Chiara Scarrone, Richard Siegal, Rafael Vedra, Mariana Dias, Skyler Maxey-Wert

Unversehens, wie aus dem von Ravel beschriebenen Nebelschwaden im übertragenen Sinne auftauchend, stehen sich vier Paare im Kreis gegenüber, deuten zu den Klängen von La Valse Walzerbewegungen an. Aus dieser Bewegung heraus wieder bildet sich unerwartet eine Reihe, die sich aber ebenfalls sofort wieder auflöst. Das alles geschieht vor den Augen der Zuschauer in einer übergangslosen Schnelligkeit. „You know, it’s super fast“, hörte man auch irgendwann Orazio zu einem anderen Tänzer sagen. Wie wahr! Immer wieder bespricht man sich untereinander, vergewissert sich bei Richard Siegal, zählt bis sechs, nimmt eine neue Position ein.

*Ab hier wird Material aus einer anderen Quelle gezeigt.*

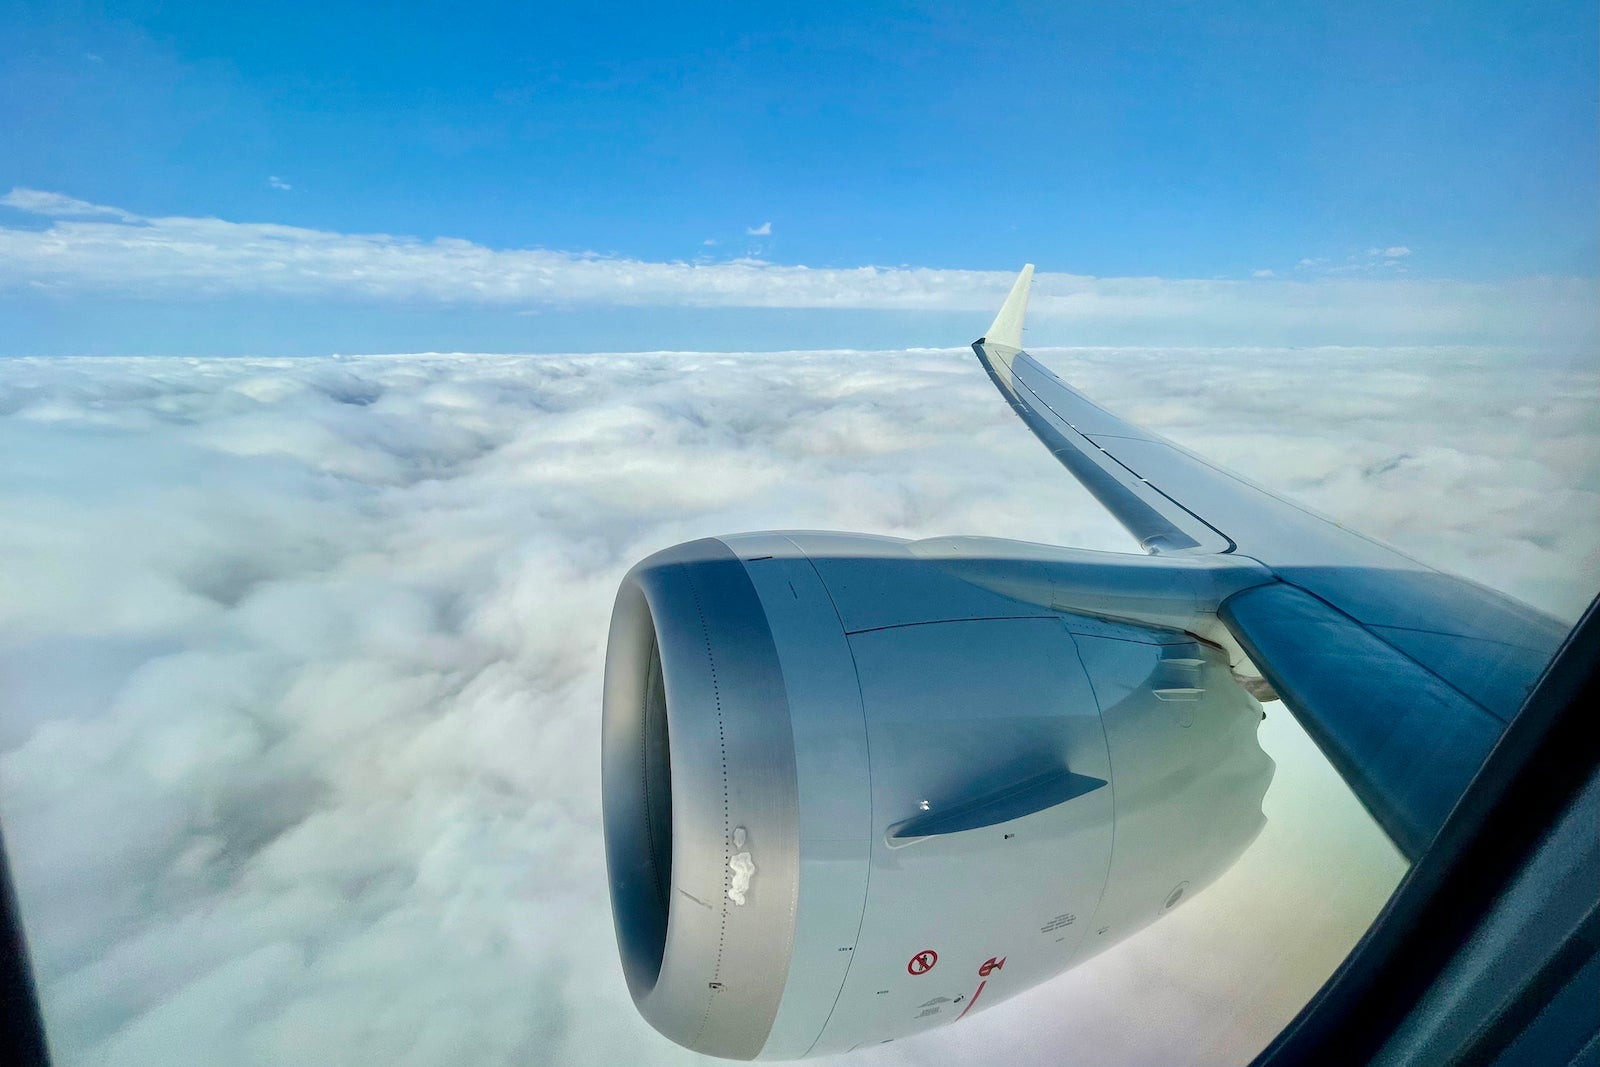 View of a plane wing and engine above a cloudy blue sky mid-flight

Zum Ende erfolgt ein kurzer Durchlauf von knapp einer Minute. Als die Musik verstummt, bedankt sich Richard Siegal respektvoll bei den Tänzerinnen und Tänzern. Diese verlassen den Raum und man erkennt an ihren Bewegungen, dass sie im Kopfe und mit den Händen die Bewegungsabläufe noch einmal durchgehen. Wie schnell können fast 90 Minuten vorübergehen, wenn man nur zuschaut! Für die Tänzerinnen und Tänzer gibt es einen langanhaltenden Applaus von den Ballettfreunden, die wieder einmal exklusiv das Privileg hatten, an der Entstehung einer neuen Choreographie mit hohem Suchtpotential teilzuhaben, denn als Zuschauer sehnt man sich inzwischen danach, einmal die gesamte Musik zu hören und natürlich die vollständige Choreographie zu sehen.

Richard Siegal und Ensemble

Im nachfolgenden Gespräch wendet sich Richard Siegal zunächst direkt an das Publikum, bedankt sich für das Interesse an seiner Arbeit in fließendem, fast akzentfreiem Deutsch, nur um darauf hinzuweisen, dass das schon das Ende seiner Deutschkünste sei. Er bittet um Verständnis, das Gespräch weiter auf Englisch zu führen.

Richard Siegal und Julia Schinke

Julia Schinke geht in einer ersten Frage auf die Beziehung Richards Siegal zu der Musik von Ravel im Allgemeinen und La Valse im Besonderen ein.
Richard Siegal berichtet, dass er La Valse vorher nicht gekannt habe, obwohl es ja inzwischen zu dem großen klassischen Repertoire gehöre, auch für das Ballett. Immerhin hätten Balanchine und Ashton dazu Choreographien entworfen. Und nun wolle er es versuchen. Es sei ja äußerst interessant, dass Diaghilev das Stück abgelehnt habe mit der Begründung, das sei kein Ballett, sondern nur das «Portrait d’un ballet». Daraufhin habe Ravel sehr beleidigt Diaghilev nie mehr gegrüßt, weshalb letzterer Ravel sogar zum Duell fordern wollte. Da könne man sehen, welchen Stellenwert die Musik früher hatte und wie wichtig man sie nahm.
Da er in der Regel elektronische Musik benutze, auch mit Orchester, gehöre La Valse aber eigentlich nicht zu der Musik, die man bei ihm normalerweise hören könne. Gleichwohl, als er La Valse das erste Mal gehört habe, sei das für ihn eine ungeheure Entdeckung gewesen. Er habe in der Musik sehr viel erkannt und gesehen! Ironie, Karikatur, Satire… Eigentlich sei diese Musik so «over the top», so übertrieben, zu romantisch, dann wieder ironisch, aber das sei bewusst von Ravel so gesetzt. Ravel habe das Extreme gesucht … und das findet sich in La Valse wieder.
Julia fragt nach, ob La Valse für Richard eine narrative Musik sei.
Richard bestätigt, dass dies in gewisser Weise zuträfe. Er lese daraus auch die Kritik an der Vergnügungssucht der Gesellschaft des Fin de Siècle. Eigentlich sollte La Valse ja den Hof in Wien um die Zeit von 1855 darstellen. Aber die Musik persifliere in seinen Augen insgesamt aristokratisches und übertriebenes Verhalten. Da er einige Zeit in Paris gelebt habe, habe er dort die französische Courtoisie kennengelernt, eine vollkommen andere Form der Kommunikation zumindest als die der Amerikaner. Diese Erfahrungen sollten nun auch in seine Choreographie mit einfließen.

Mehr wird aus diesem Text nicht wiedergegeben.